It would help if you retyped the data exactly, leaving out the pictures.

• _AVAILABLE DATA_:
══════

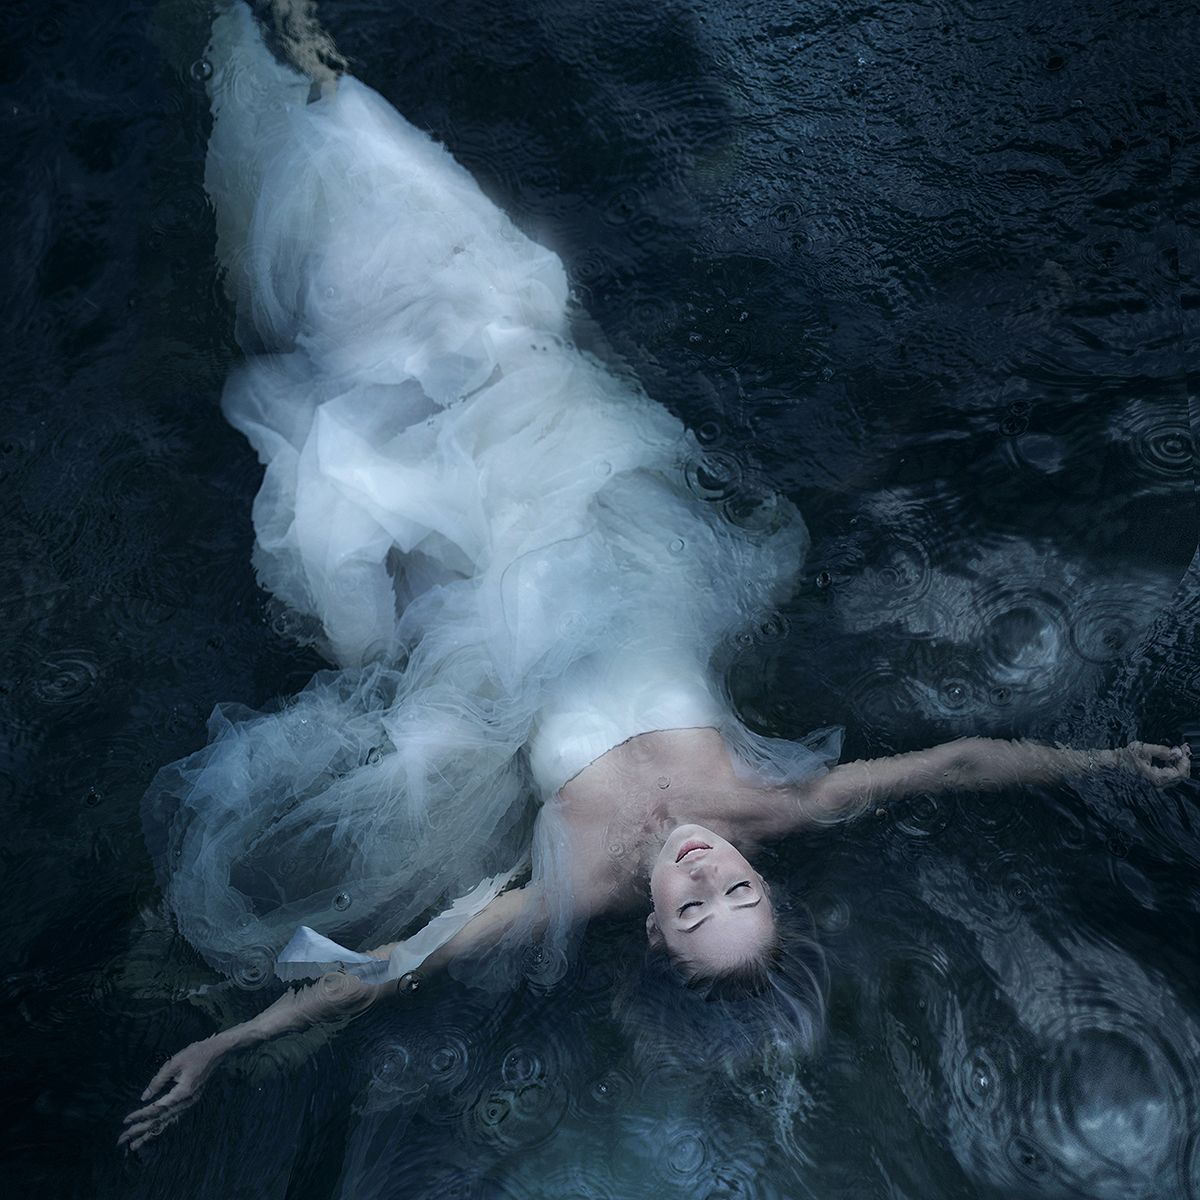 Фото Девушка лежит в воде, фотограф Екатерина Ромакина
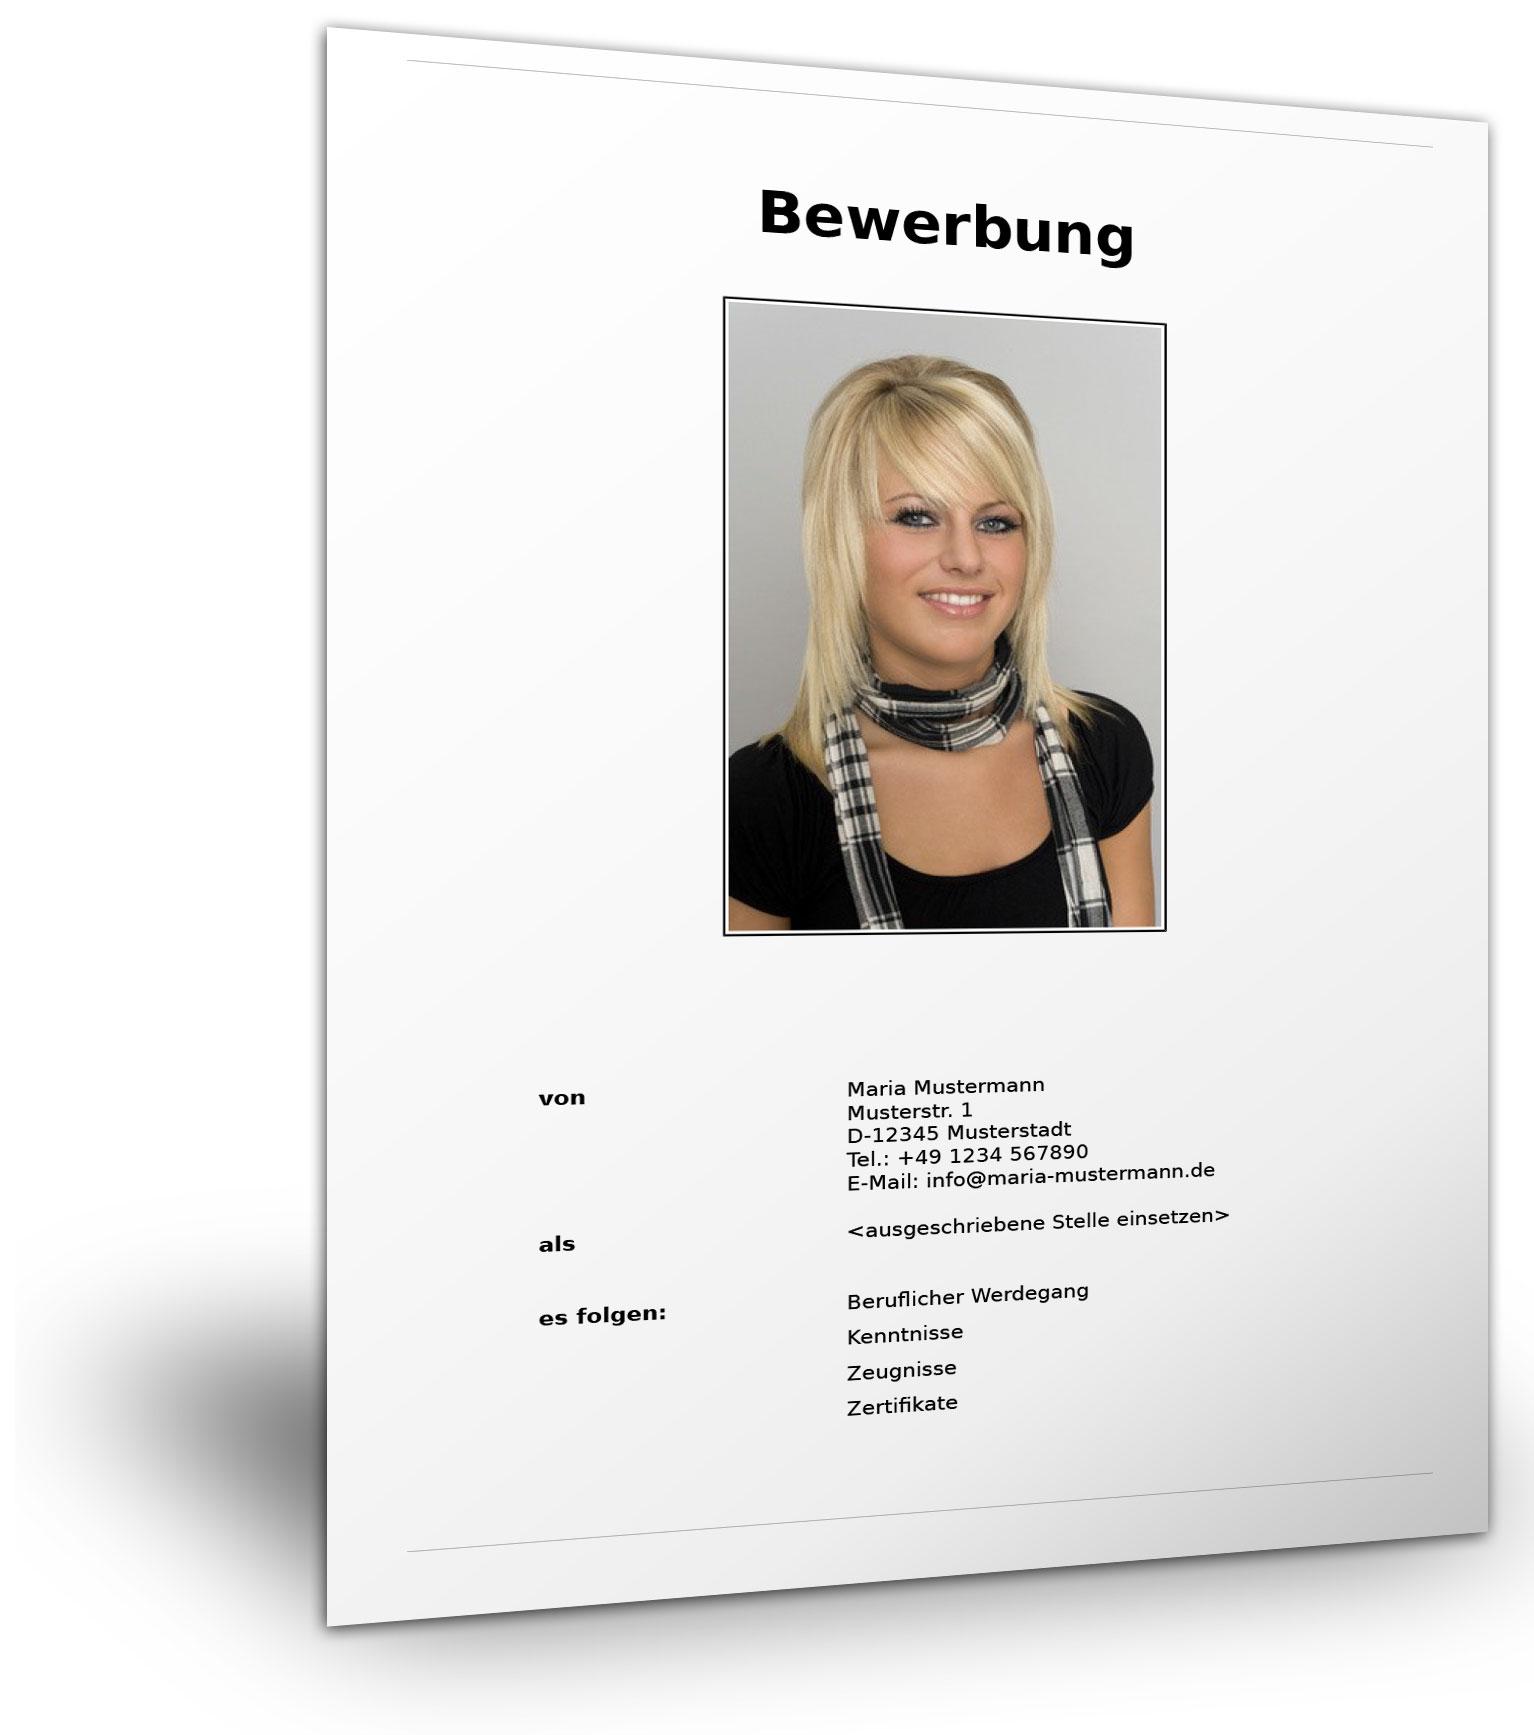 3_bewerbung-deckblatt-vorlage
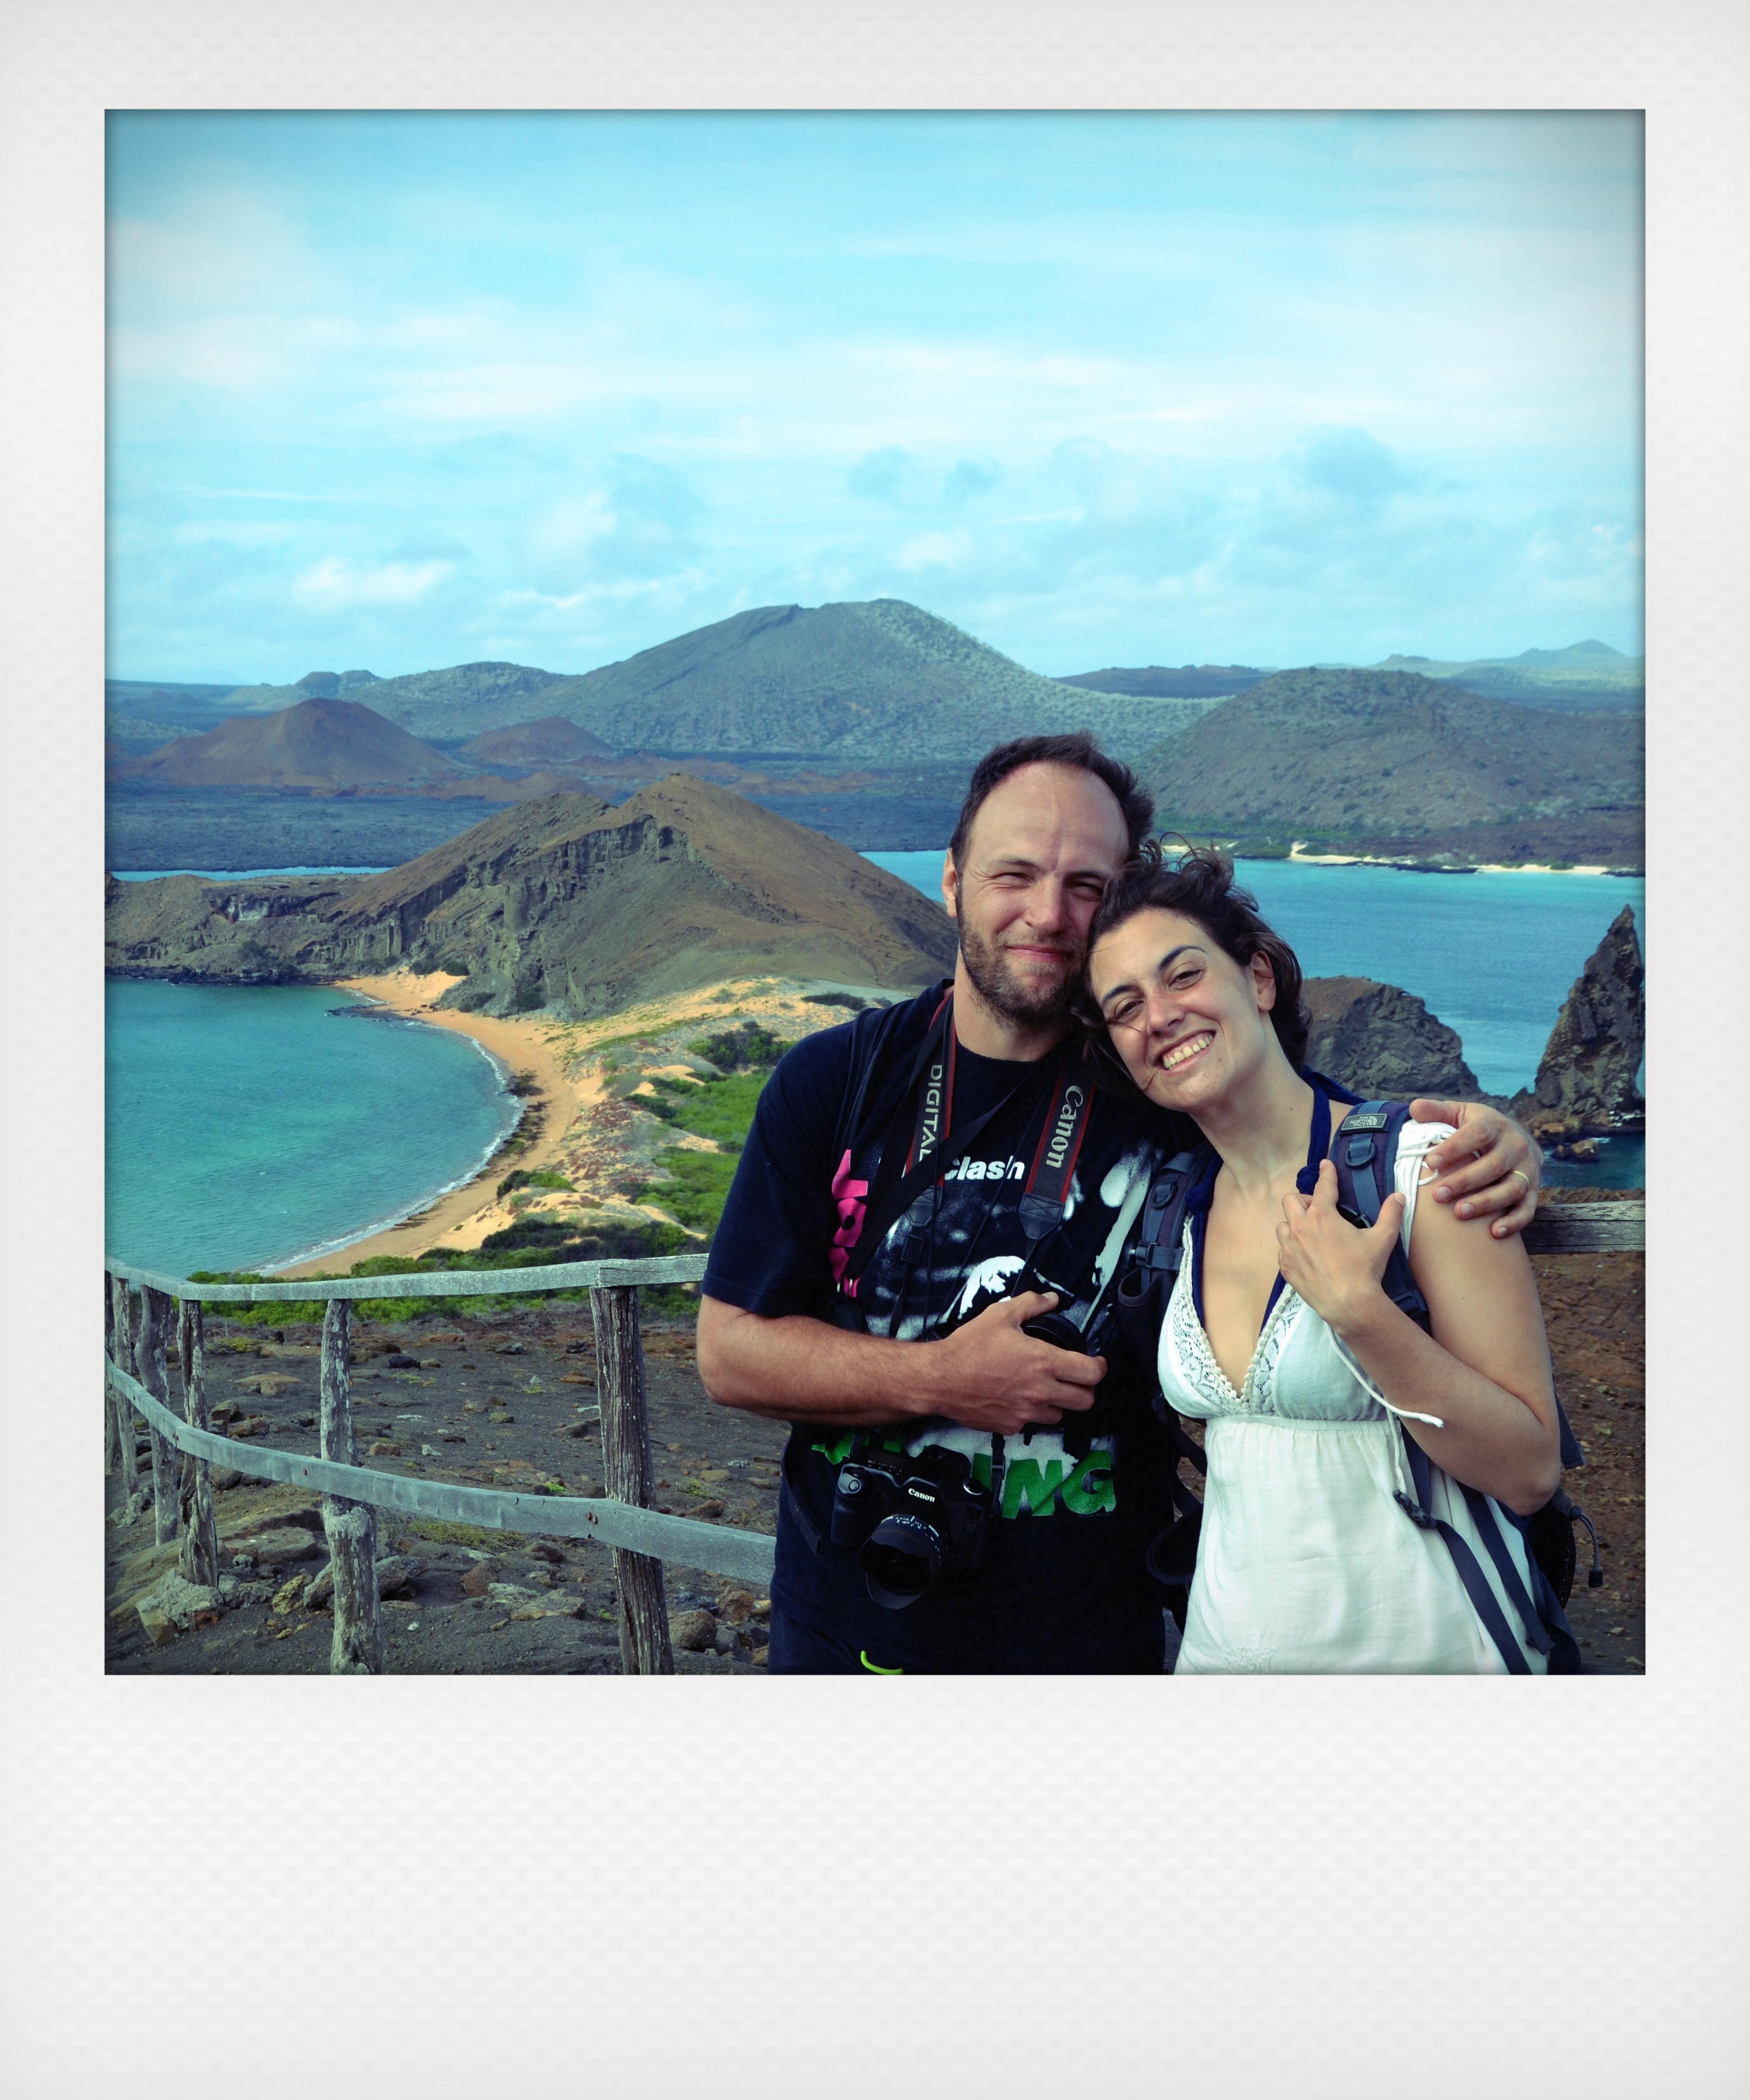 San Valentino, viaggiare in coppia è afrodisiaco

══════

• _SOLUTION FOR THIS EXERCISE_:
 Фото Девушка лежит в воде, фотограф Екатерина Ромакина
 3_bewerbung-deckblatt-vorlage
 San Valentino, viaggiare in coppia è afrodisiaco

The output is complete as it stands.